What is more soothing than the pretty hummer
That stays one moment in an open flower,
And buzzes cheerily from bower to bower?
What is more tranquil than a musk-rose blowing
In a green island, far from all men’s knowing?
More healthful than the leafiness of dales?
More secret than a nest of nightingales?
More serene than Cordelia’s countenance?
More full of visions than a high romance?
What, but thee Sleep? Soft closer of our eyes!
Low murmurer of tender lullabies!
Light hoverer around our happy pillows!
Wreather of poppy buds, and weeping willows!
Silent entangler of a beauty’s tresses!
Most happy listener! when the morning blesses
Thee for enlivening all the cheerful eyes
That glance so brightly at the new sun-rise.
"Sleep and Poetry" (1816) is a poem by the English Romantic poet John Keats. It was started late one evening while staying the night at Leigh Hunt's cottage. It is often cited as a clear example of Keats's bower-centric poetry, yet it contains lines that make such a simplistic reading problematic, such as: "First the realm I'll pass/Of Flora, and old Pan ... I must pass them for a nobler life,/Where I may find the agonies, the strife /Of human hearts" (101-102; 123-125).

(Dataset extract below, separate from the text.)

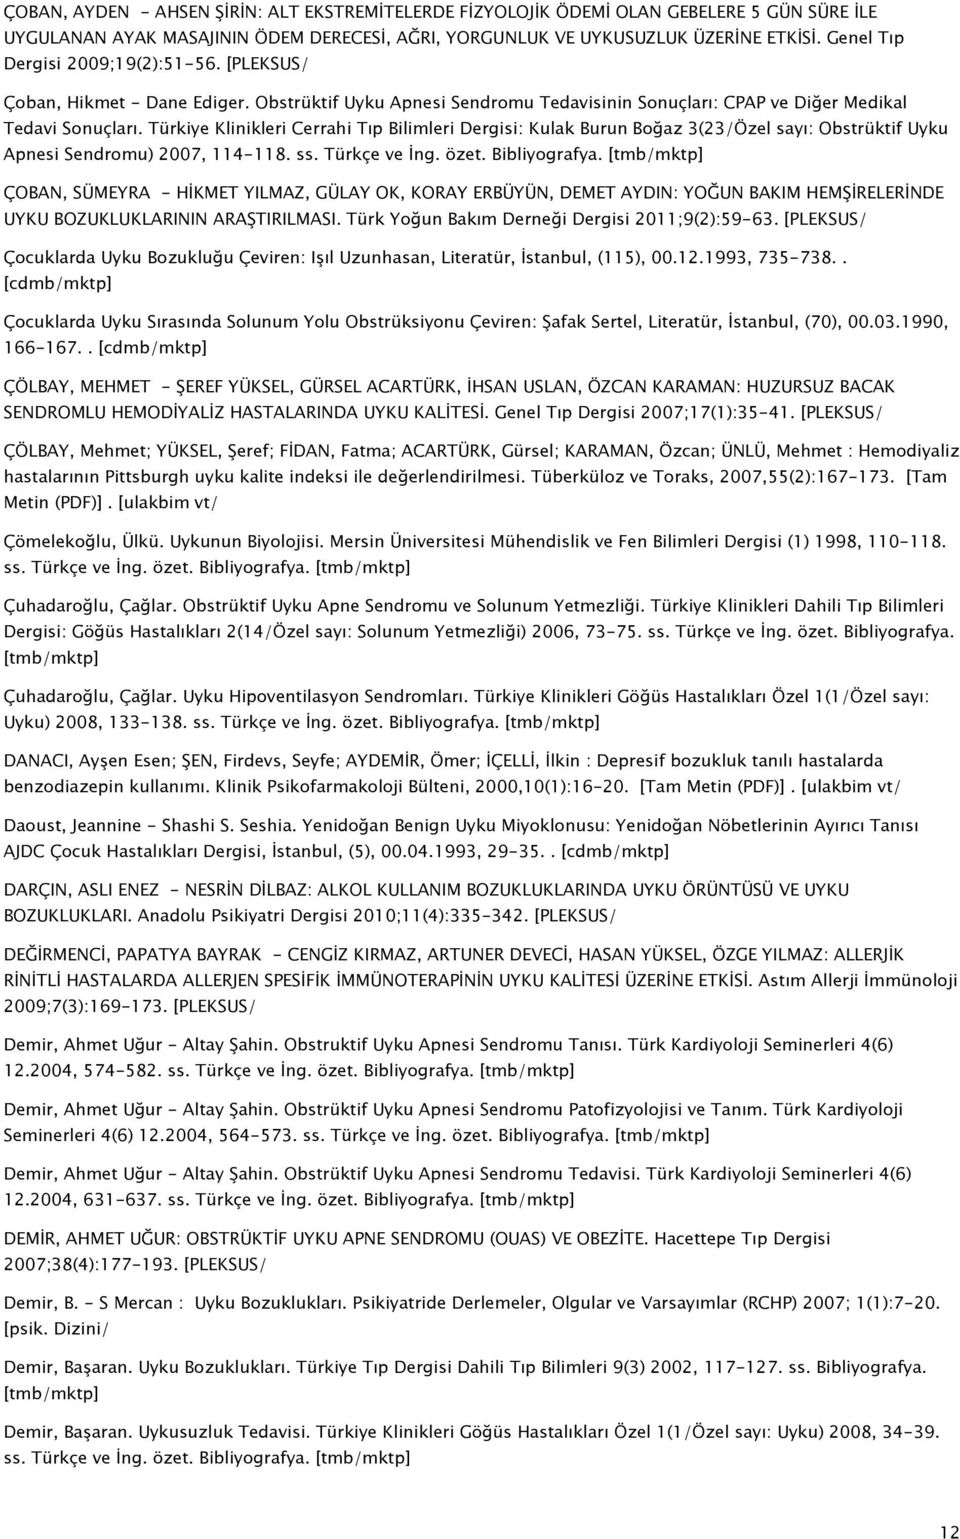 Türkiye Klinikleri Cerrahi Tıp Bilimleri Dergisi: Kulak Burun Boğaz 3(23/Özel sayı: Obstrüktif Uyku Apnesi Sendromu) 2007, 114-118. ss. Türkçe ve İng. özet. Bibliyografya.

Furthermore, Keats defends his early "bower-centric" subject matter, which hearkens back to the classical poetic tradition of Homer and Virgil. Keats mounts an attack against Alexander Pope and many of his own fellow Romantic poets by downplaying their poetic departures into the imaginary: "with a puling infant's force/They sway'd about upon a rocking horse,/And thought it Pegasus. Ah dismal soul'd!" (185-7). Although written in simplistic rhyming couplets, the gradual turn towards inwardness serves as an important anticipation for Keats's later poetry.